It was an instant sensation because in some ways Dr. Robert E. Kelly, BBC specialist reporting from his home office, is all of us. And Nicodemus is all of us, too, what with his suit and tie and carefully constructed image, his impressive credentials of leadership and prominence, his books all lined up for Jesus and anyone else to see. He lives in all of us who are already convinced of what is real and what is possible, and what is not. He is in all of us who are certain of how things are.

“We know… what there is to know about you, Jesus,” Nicodemus says for us all. But what he does not yet seem to know is how perilous such assurance can be. How dangerous it can be, in fact, when your expectations are so fixed.

Author Laurence Gonzales writes of this in his book, Deep Survival, written about a group of hikers who were descending Mt. Hood in Northern Oregon. A well-known climb, these experienced hikers decided to take the quick route back to warmth, using ice axes and taking fewer precautions. But they had not accounted for the fact that the conditions had changed. The snow had become less solid, resulting in a catastrophic fall. In his book, Gonzales point out how the group’s prior experience, training, plans and expectations are what ultimately betrayed them.  “It all conspired to encourage a sense of confidence… and mask cues about the changing environment.” And Gonzales writes, “A closed attitude, an attitude that says, ‘I already know,’ may cause you to miss the most important information.” That’s why survivalists and climbing instructors refer to the need for openness and humility, no matter your level of expertise.
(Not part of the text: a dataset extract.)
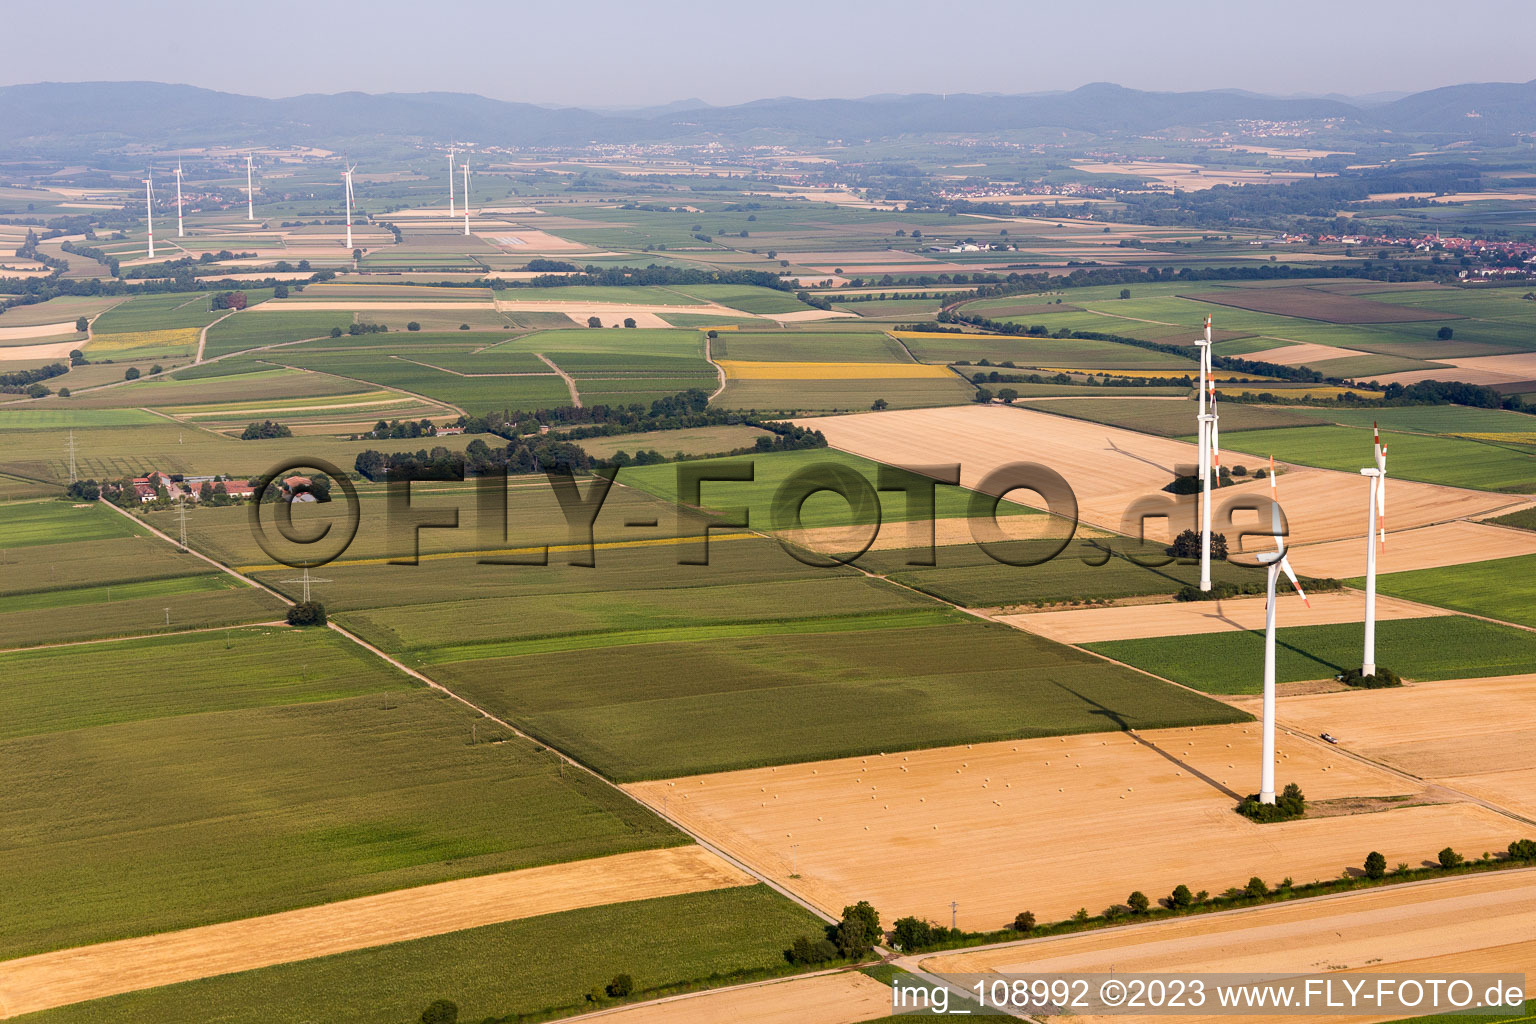 Oblique view of Wind turbines in Minfeld in the state Rhineland-Palatinate, Germany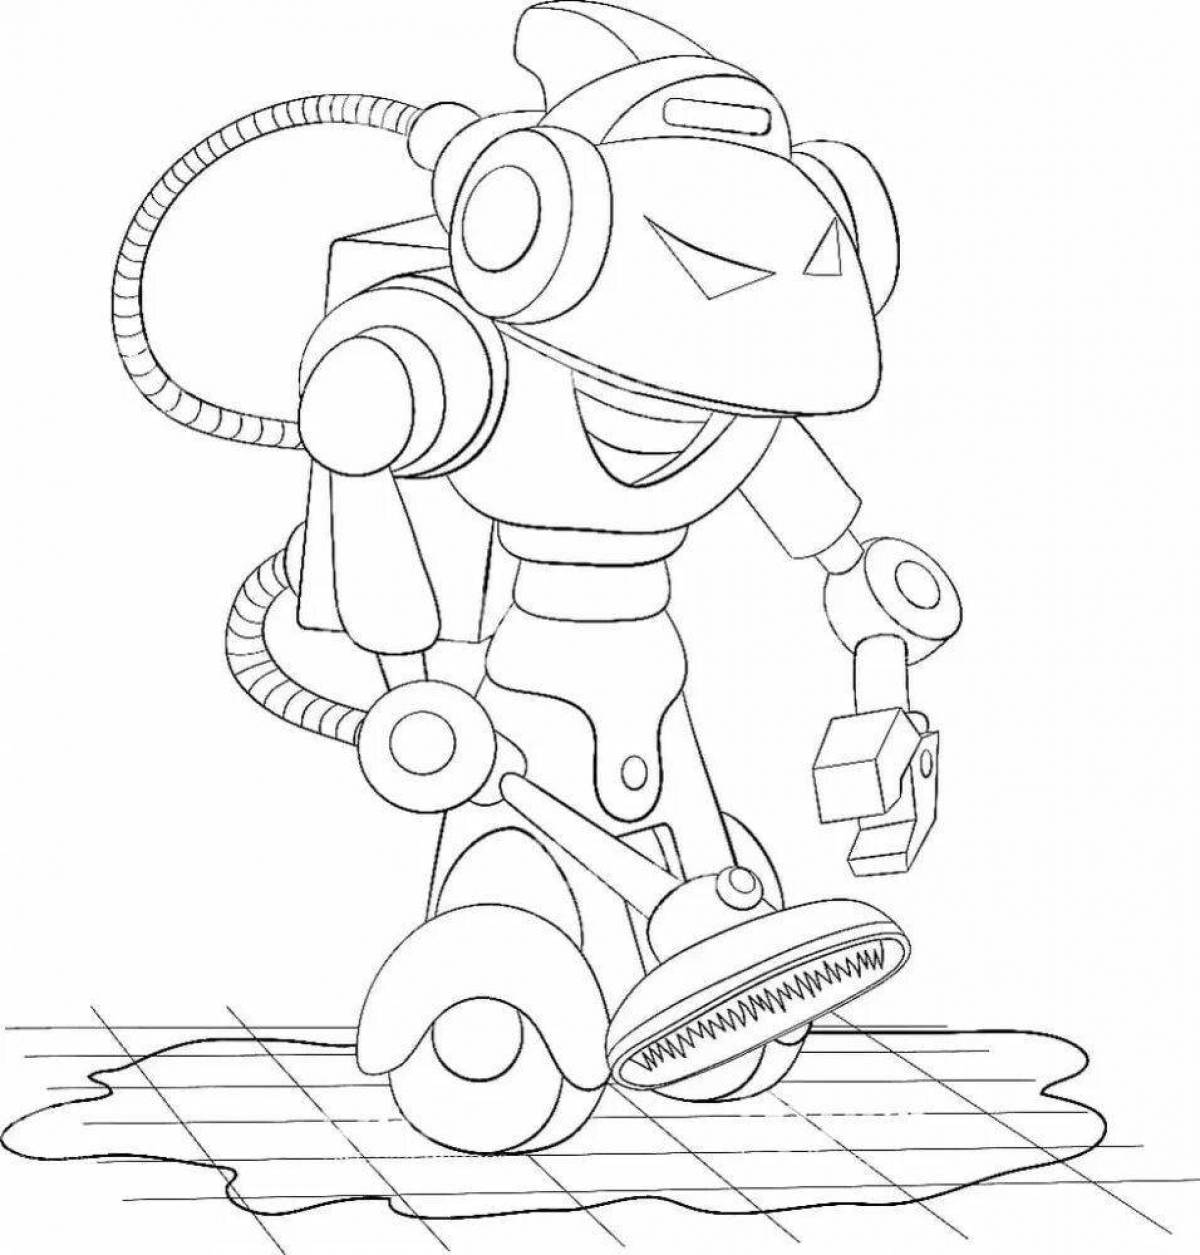 Intriguing Robot Vacuum Cleaner Coloring Book for Boys

Such humility is not the easiest of qualities for those of us accustomed to knowing. I want to hold on to what I was taught, not step out into the light of something new. I want God to fulfill my expectations right where I am right now. I know what Jesus can do, what the Bible says, what the kingdom ought to look like. I know who the Messiah is, and who I am because of it. But as the cross reminds us throughout Lent, if we are going to take up the way of Jesus, we must first give up out own way, which includes giving up the weight of expectation that we so often carry to our encounters with God.

In our Old Testament passage today, Abram thought he had figured out who God is, where he should be, what his family would look like. But in this episode so foundational to Israel’s story, God calls to Abram and asks Abram and Sarai to head out into an unknown future, without direction, or much knowledge of where they were going. They got lost along the way. They made plenty of mistakes – a whole series of misunderstandings, mishaps and abuses. But the Bible calls them “righteous.” Because they heard God’s call in the middle of their place of security and certainty, and they left the expectations of what there lives were supposed to be like and they followed this call to a land God promised to show them.

“We know,” Nicodemus says in the darkness of the scene, with the settled, secure assurance of Abram and Sarai in Haran, assuming that God doesn’t work in such a way as to defy our expectations or uproot us from one place to another. Nicodemus has God all figured out. He was like those who one preacher has said act as though they’ve “walked all the way around God and taken pictures.” (1) The problem with Nicodemus’ faith is not that it’s faulty. It’s that it’s too small. It’s fit for the middle of the night, but not yet the fullness and expanse of the light of day. It’s obscured. It’s based in an expectation far short of the possibilities that exist in the love and mercy of the God who so loves this world that God gave his only son. It’s so often true of what we think we know. Our expectations of God – and of ourselves as God’s people – always fall short.

Josh Shipp is an author and student of adolescent development, who shares how he was in and out of foster homes throughout his childhood, perfecting the art of getting kicked out. Until at the age of 14, he moved in with an older couple, Rodney and Linda. After three years, he couldn’t shake him. They hadn’t kicked him out. He was 6 months from his high school graduation and he went to the local bank, opened a checking account, then started to write bad checks, including one for car insurance, which bounced revoking his license. Shortly thereafter, he was pulled over for speeding – with no car insurance and no license – and he was taken to jail. Given his one phone call, he called his guardian, Rodney, who agreed to bail him out the next morning.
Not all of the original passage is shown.